In her written ruling, Talwani stated: “Defendants’ interpretation of the Termination Clause is not clearly supported by the text of the provision, runs counter to the regulatory scheme, receives no support in the rulemaking history, and would violate the Spending Clause’s requirement that conditions be imposed unambiguously.” Talwani was nominated to the bench by Democratic President Barack Obama.
The states’ lawsuit contended that the Office of Management and Budget had promoted the use of the clause to carry out what they characterized as a “nationwide slash-and-burn campaign” against federal grant programs.
The clause at the center of the dispute was first introduced in 2020 and later revised in 2024. It allows federal officials to end a grant if the award “no longer effectuates the program goals or agency priorities.” The states argued that while the language was put in place during the Biden administration, it was only now, for the first time, being used to actually terminate grants.
New Jersey Attorney General Jennifer Davenport issued a statement sharply criticizing the administration’s actions. “Instead of working with us to keep the public safe and lower costs for hardworking New Jerseyans, the Trump Administration has recklessly and illegally gutted federal funding for public safety, disaster preparedness, scientific research, clean water, and more,” she said.
Davenport continued: “Today’s decision is an important win for all New Jerseyans and confirms that the Trump Administration defied the law when it embarked on its campaign to gut critical federal funding to the states. The President and his allies cannot hold critical programs hostage to their personal whims and political ideologies, destabilizing the country by yanking essential federal funding that was already awarded to the states.”
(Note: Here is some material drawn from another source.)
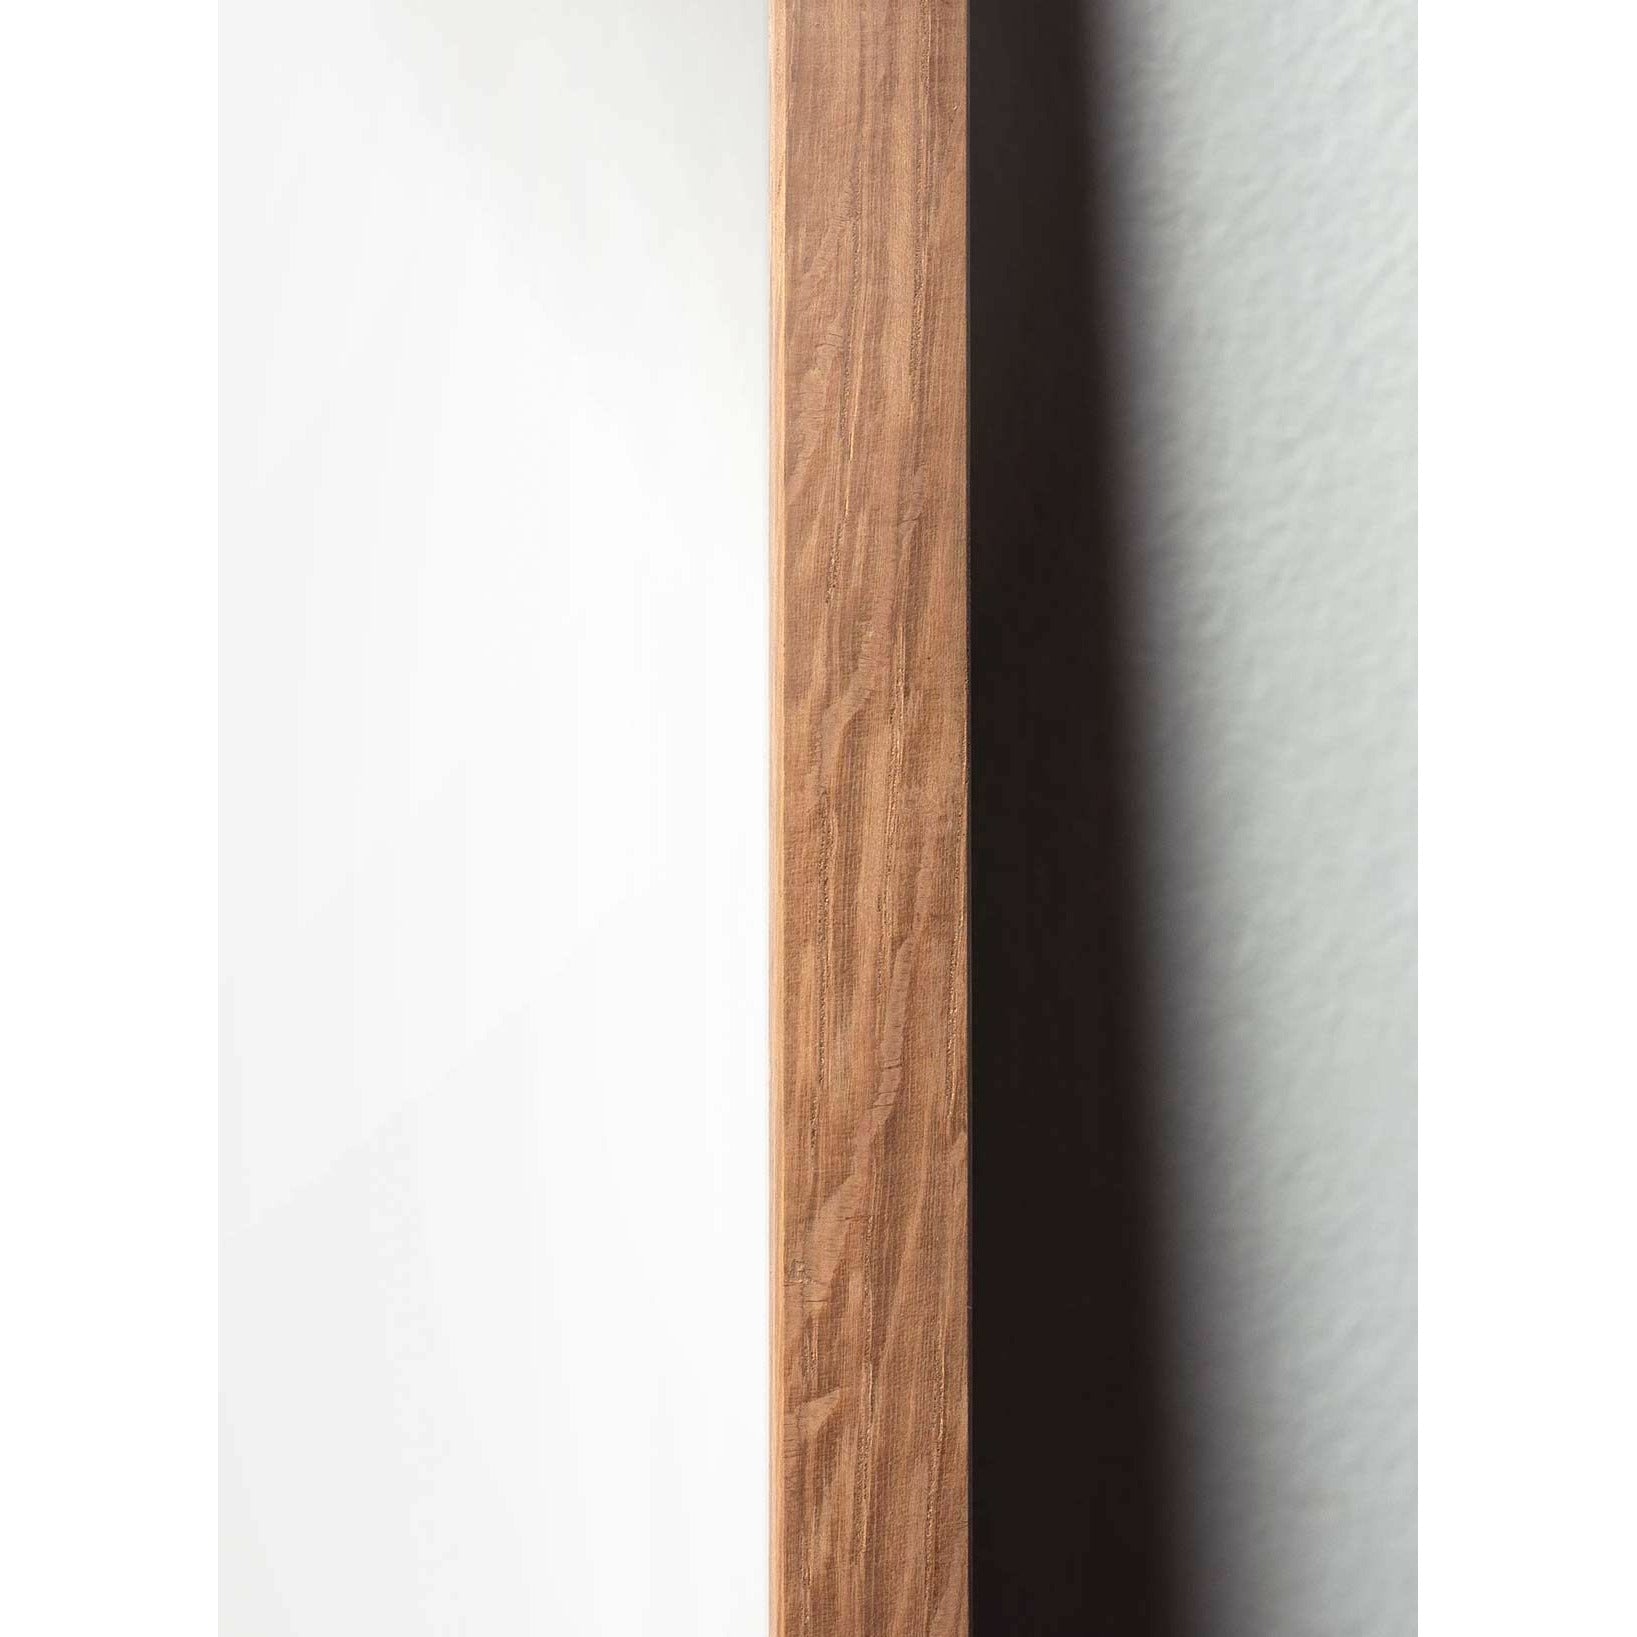 Brainchild Äggfigursaffisch, ram i lätt trä 50x70 cm, brunt

Attorneys representing the federal government described the case as an “extraordinarily unusual lawsuit” and pushed for dismissal, arguing that many of the grants in question had already been terminated and that the states’ concerns about future grants were too speculative. They also accused the states of making broad, sweeping objections to the cancellation of thousands of grants without asking the court to reinstate any single specific grant.
In their dismissal motion, government lawyers wrote: “That mismatch between the allegedly unlawful agency ‘decision’ on one hand, and the amorphous relief requested in this suit, on the other, creates a set of jurisdiction and justiciability defects that doom this lawsuit at the threshold.”
A spokesperson for the Office of Management and Budget did not respond when asked for comment.